Former Slovenian Prime Minister Janez Jansa (file photo)

Near-final results in Slovenia’s parliamentary elections put a right-wing, anti-immigration opposition party led by a former prime minister far ahead of the field of competitors.

The State Election Commission said on June 4 that with 90 percent of the ballots counted, Janez Jansa's Slovenian Democratic Party (SDS) had about 25 percent of the vote, giving it 25 seats in the 90-member parliament.

Comedic actor and politician Marjan Sarec’s center-left independent list trailed in second place with 12.7 percent and 13 seats.

Three parties -- the Social Democrats, the Modern Center Party of outgoing Prime Minister Miro Cerar, and the Left -- had around 9 percent each.

If the results stand, it would mean no party will secure a majority in the 90-seat parliament and the likely next step is negotiations to form a coalition government. However, other parties have suggested they would not form an alliance with the SDS.

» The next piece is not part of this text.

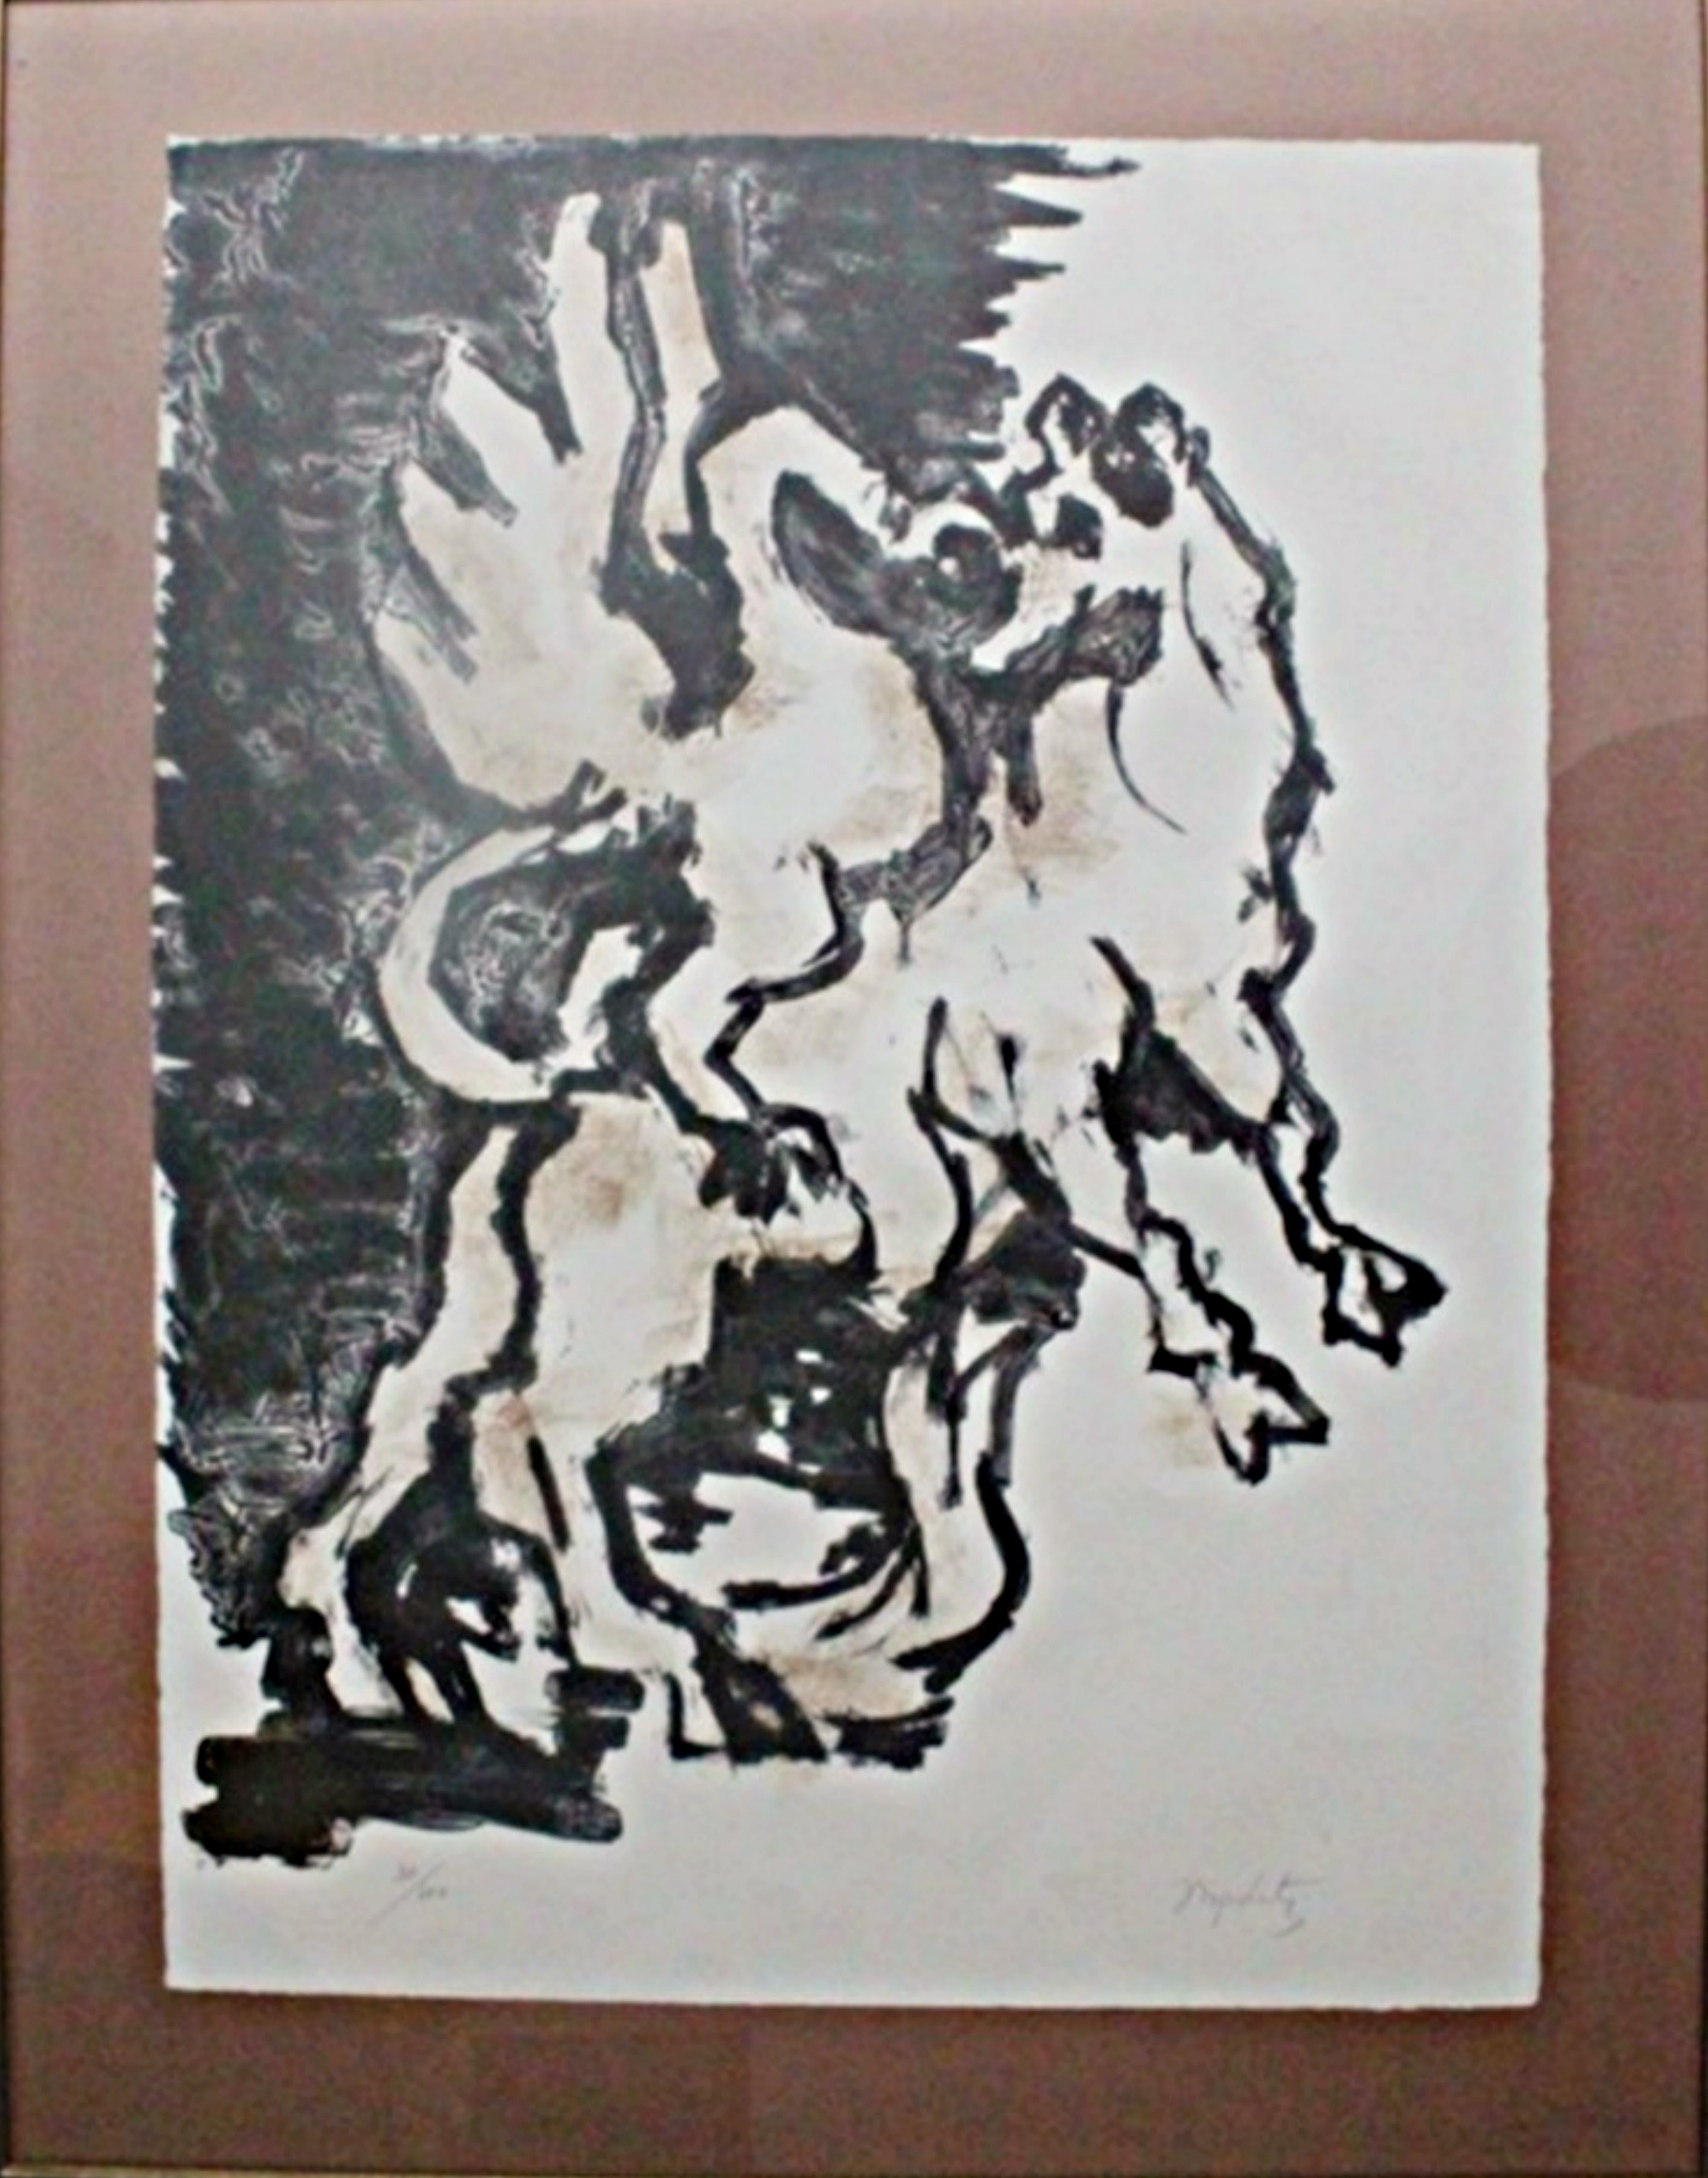 Jacques Lipchitz
Der Stier und der Kondor, 1962
Lithographie auf Rives BFK Papier
Vom Künstler mit Bleistift signiert und nummeriert 30/100; mit dem Blindstempel des Verlegers, Tamarind Workshop, und des Druckermeisters, Emilion Soriani.
28 × 20

The only party that has indicated it will work with the SDS, the center-right Nova Slovenija, won seven seats, still leaving a potential coalition short of the 46 needed for a majority.

In a televised statement after the vote, the 59-year-old Jansa said his party's "door for talks and coalitions is open" to all other parties.

Jansa previously held the office of prime minister during 2004-08 and 2012-13. He is an ally of Hungary's anti-immigration Prime Minister Viktor Orban.

"Thanks to its [immigration] policy, Hungary is a safe country, while Belgium, due to its wrong policy, isn't," Jansa tweeted recently.